I think you’ve got 2 options - make peace with it (over time) or become not single.

I think you’ve got some mourning time to go through first. I promise you won’t be in the same mindframe 6 months from now as you are now. You’ll either be ready to mingle or really enjoying your freedom.

IMHO it’s easier for a 61 year old to get a date than it is to get a job, these day. Soooo…you’ve got that going for you?

Erm…actually this is just echoing what **TruCelt **said.

I suggest the “Failed Apollo mission” attitude, whereby you simultaneously try to make peace with being alone, while at the same time doing everything you can to find a mate. You should not quit and give in without trying; who knows, you may very well find someone. 61 is old, but it’s not 71 or 81.

The OP is a woman, presumably looking for a man. (This may be the thread she referred to.)

My advice would be: do stuff to spend time with people outside work. From an introvert’s perspective, something you genuinely like that doesn’t require conversation but provides opportunities for it is best.
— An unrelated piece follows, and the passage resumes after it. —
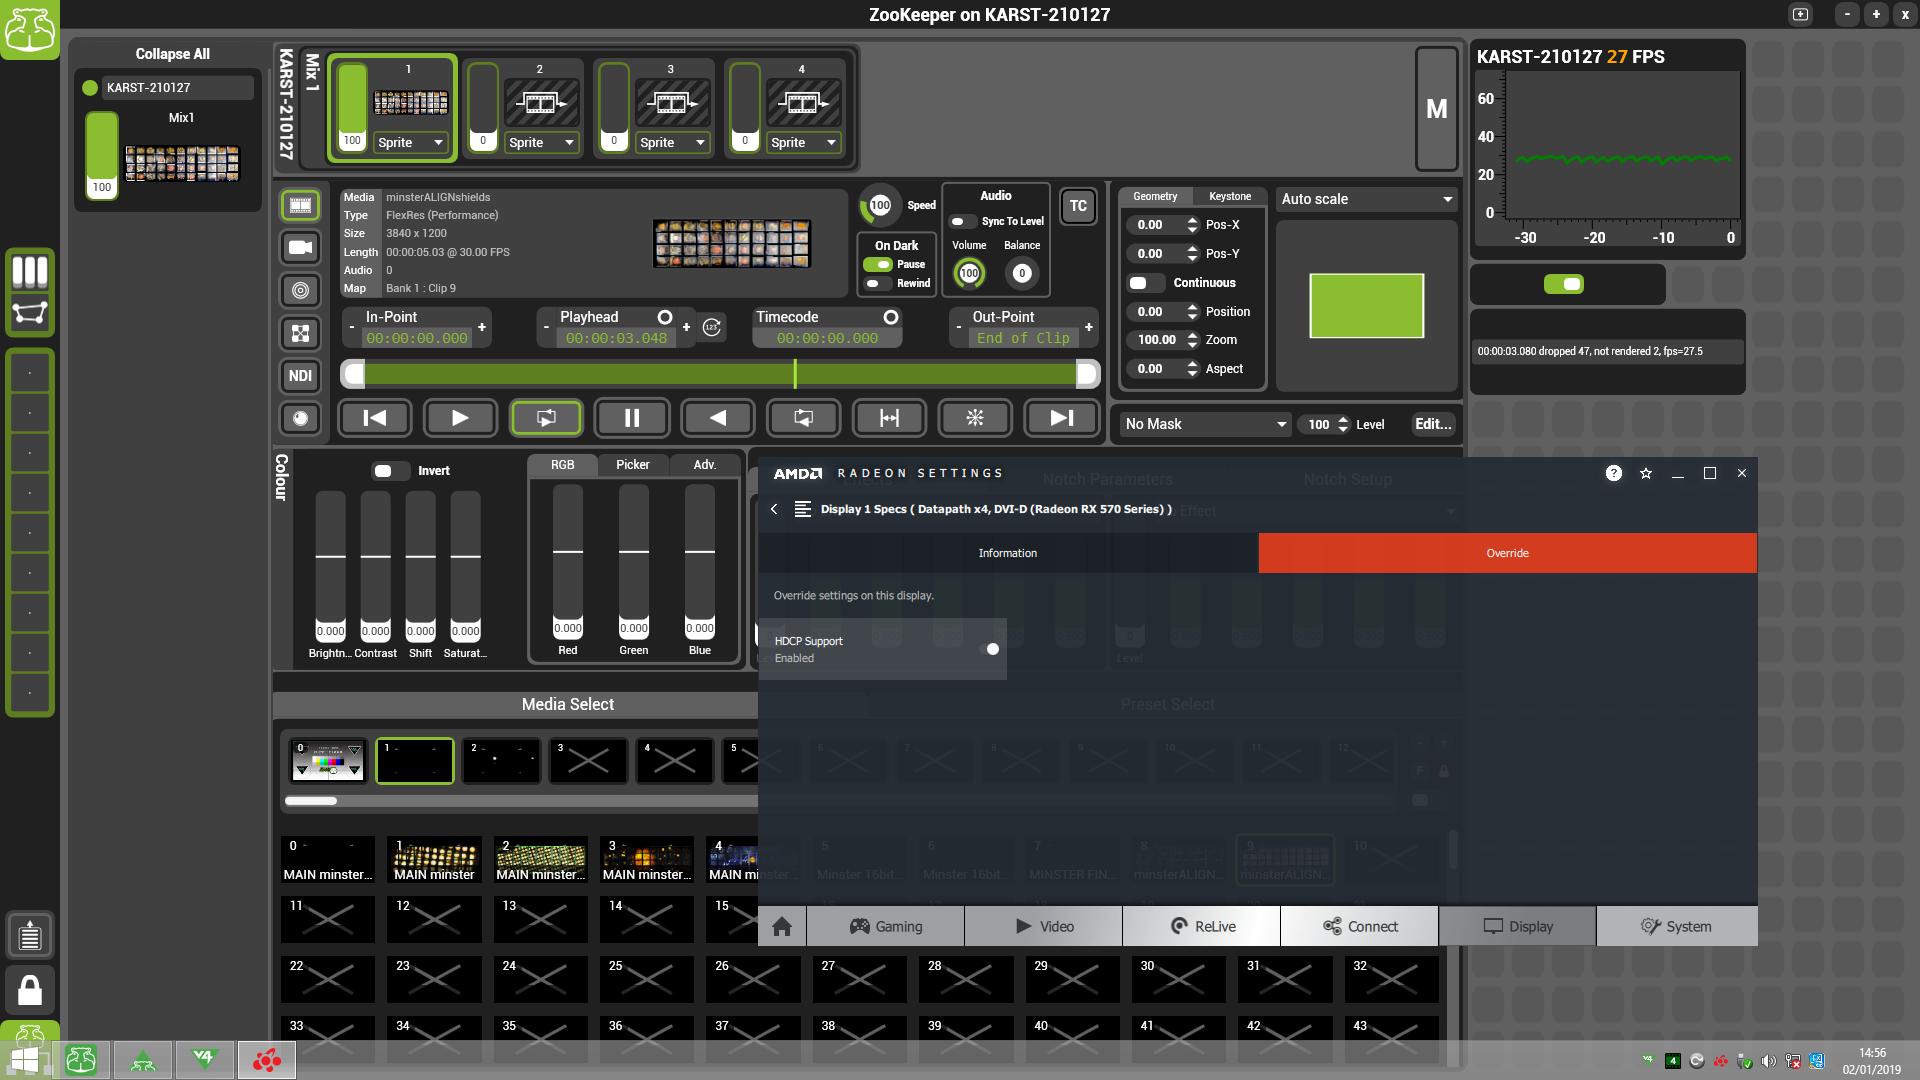 V4 KARST w/ RX570 stuttering running @ 30Hz - Green Hippo Support

If you’re looking for male companionship, an activity that isn’t overwhelmingly female is good. (As an extreme example, chess is better than needlepoint.)

Depending on where you live, a little internet searching may turn up one or more “Over 55” groups you can check out. They have them in my area. It gives a focus for socializing in groups without the pressures of dating. Meet people, move on to the dating when you are ready.